Last verified . 23 shared benchmarks.
Summary
- They share 23 benchmarks with published results for both. GLM-4.5 scores higher in 7 categories and GPT-4o in 1 category; 8 gaps are clear of the uncertainty.
- The widest gap is in math, where GLM-4.5 leads 39.0 to 10.6.

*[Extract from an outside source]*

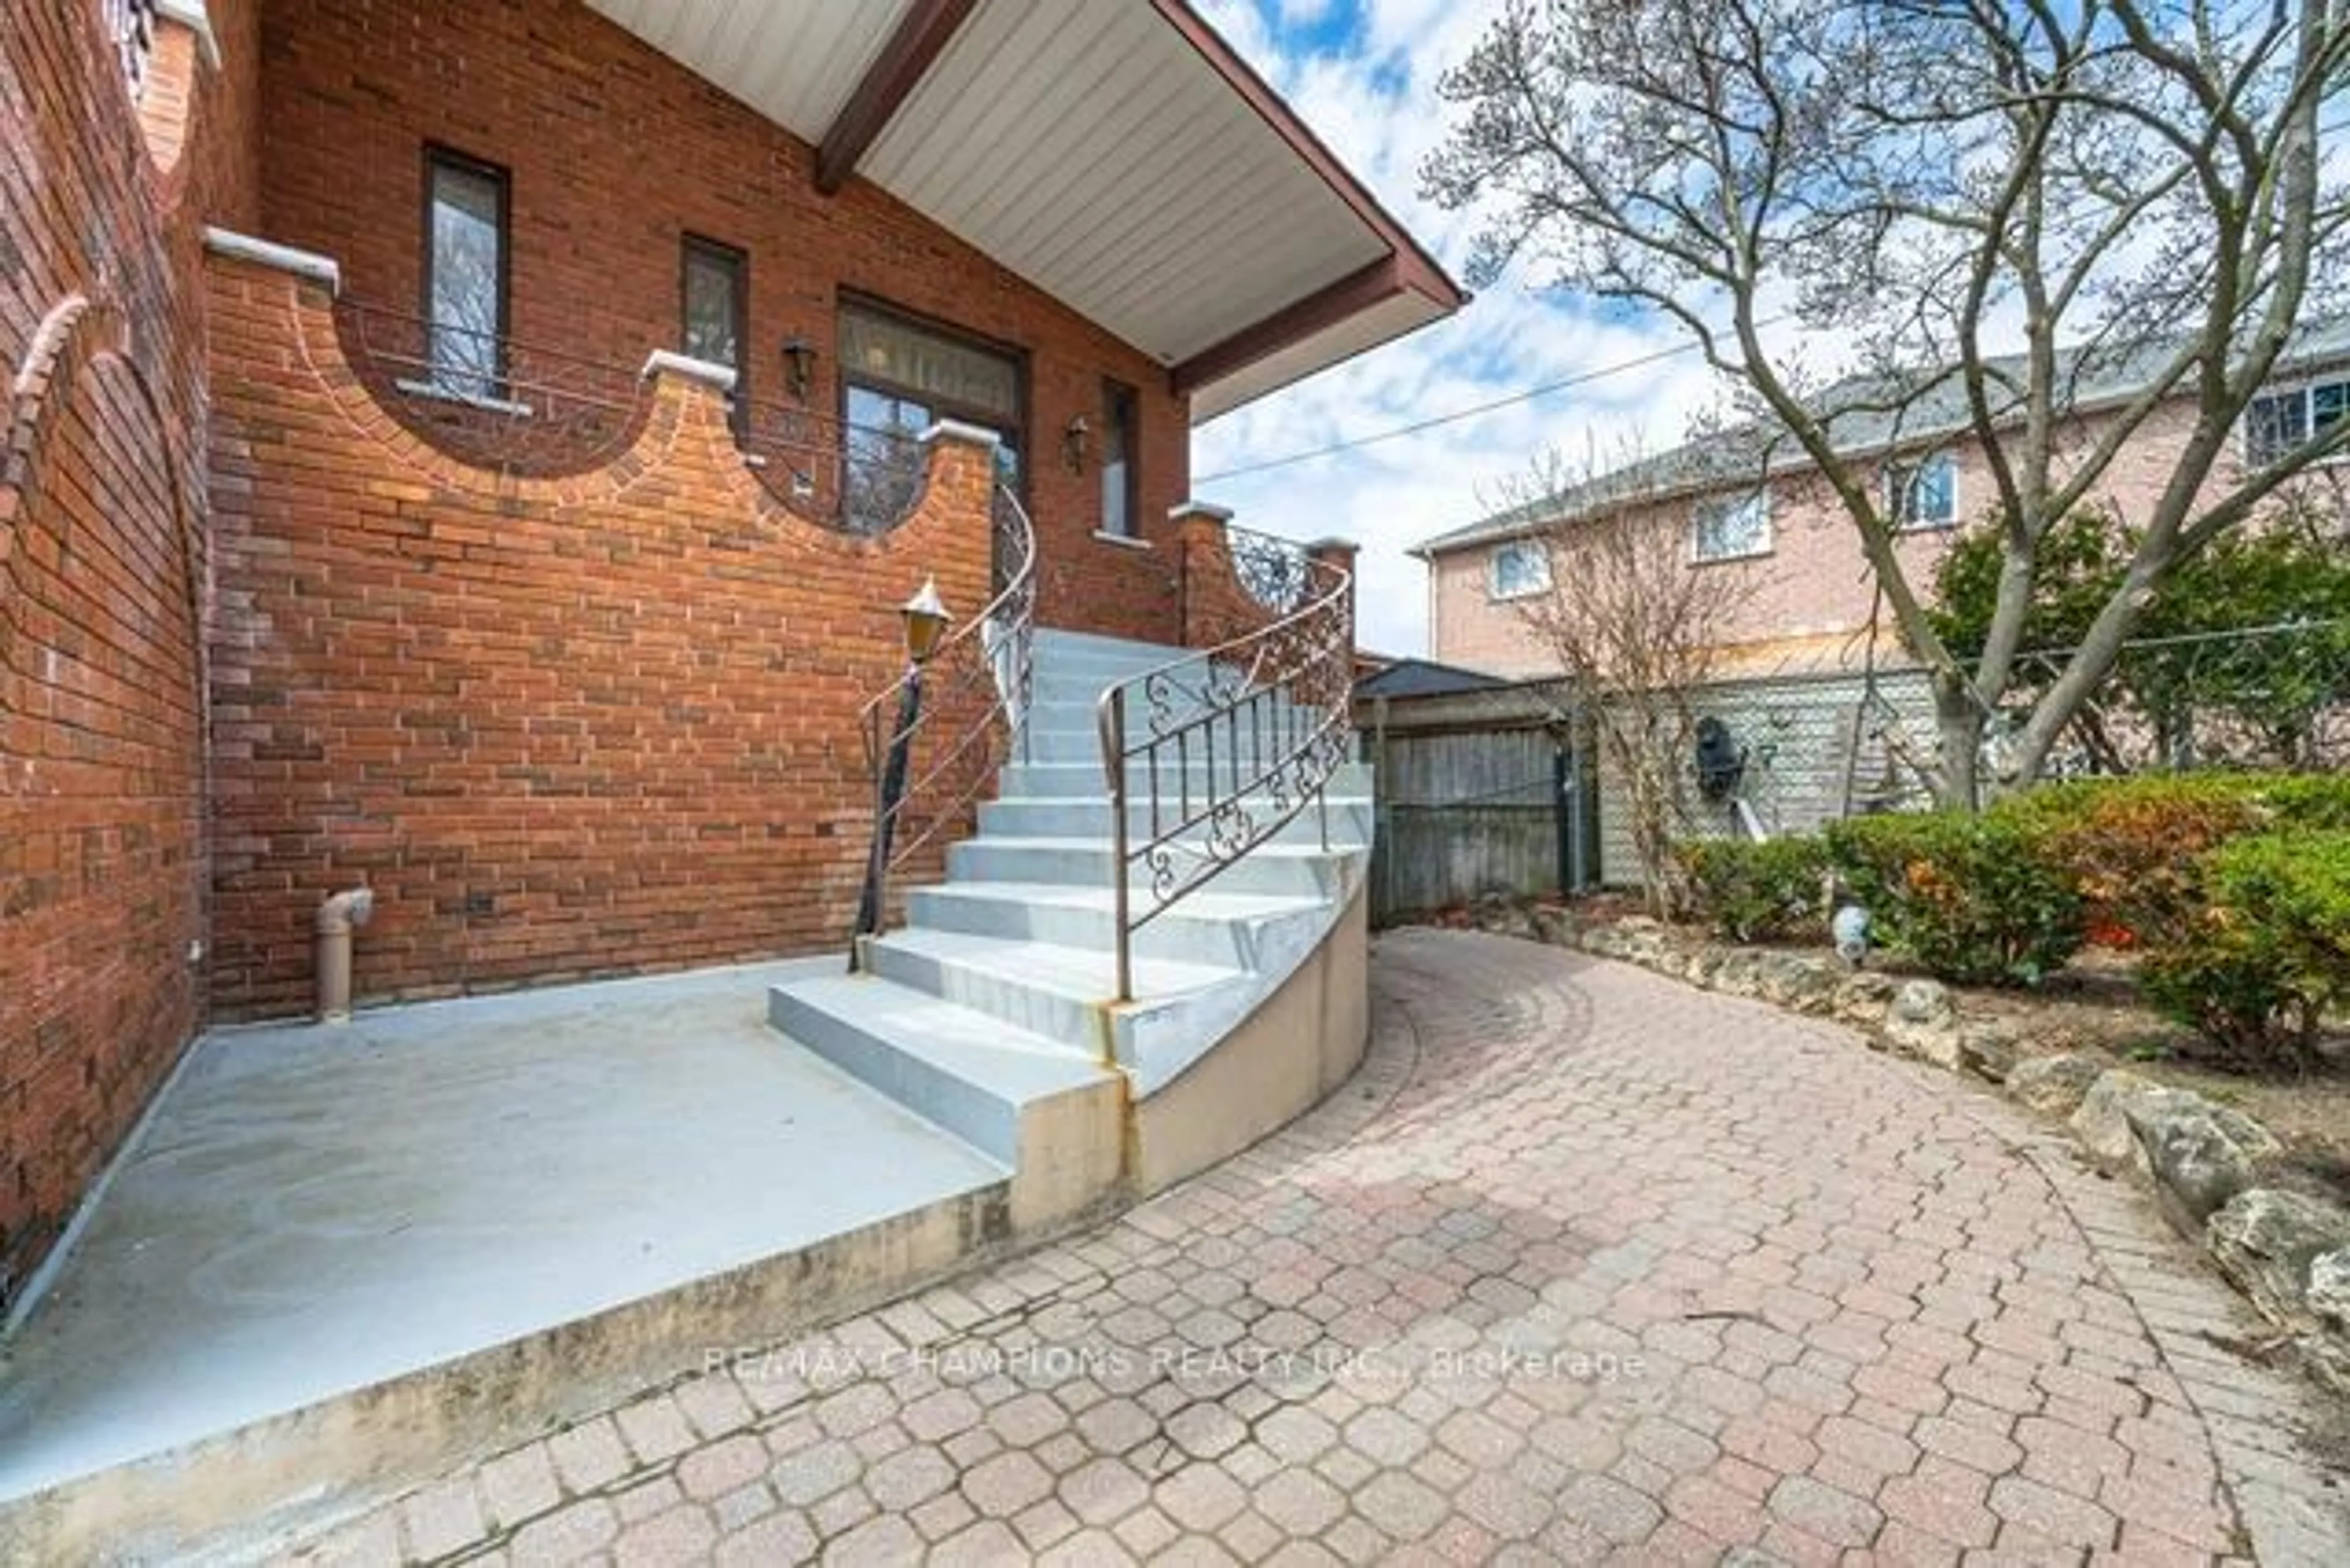 Home with brick exterior material for 10 Larchmere Ave, Toronto Ontario M9L 2N1
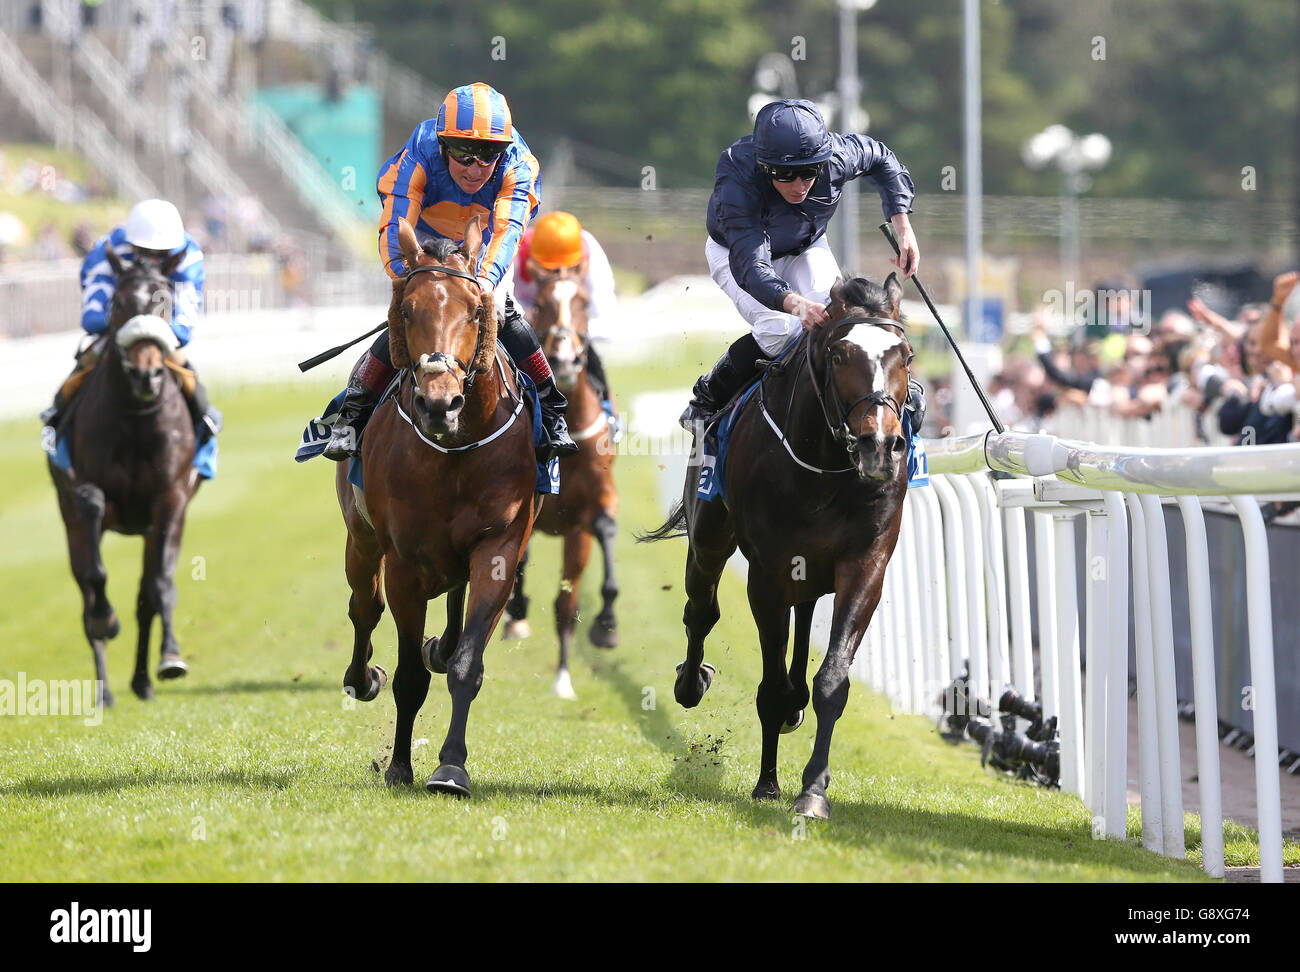 US Army Ranger (right) ridden by Ryan Moore wins The MBNA Chester Vase from Port Douglas (left), during Boodles Ladies Day of the Boodles May Festival at Chester Racecourse. Stock Photo

- The biggest single-benchmark swing is SWE-bench Verified (bash only): 54.2% for GLM-4.5 and 21.6% for GPT-4o.
- GLM-4.5 is cheaper at $0.60 / $2.20 per million input/output tokens, against $2.50 / $10 for GPT-4o.
- GLM-4.5 accepts more context: 131K tokens versus 128K.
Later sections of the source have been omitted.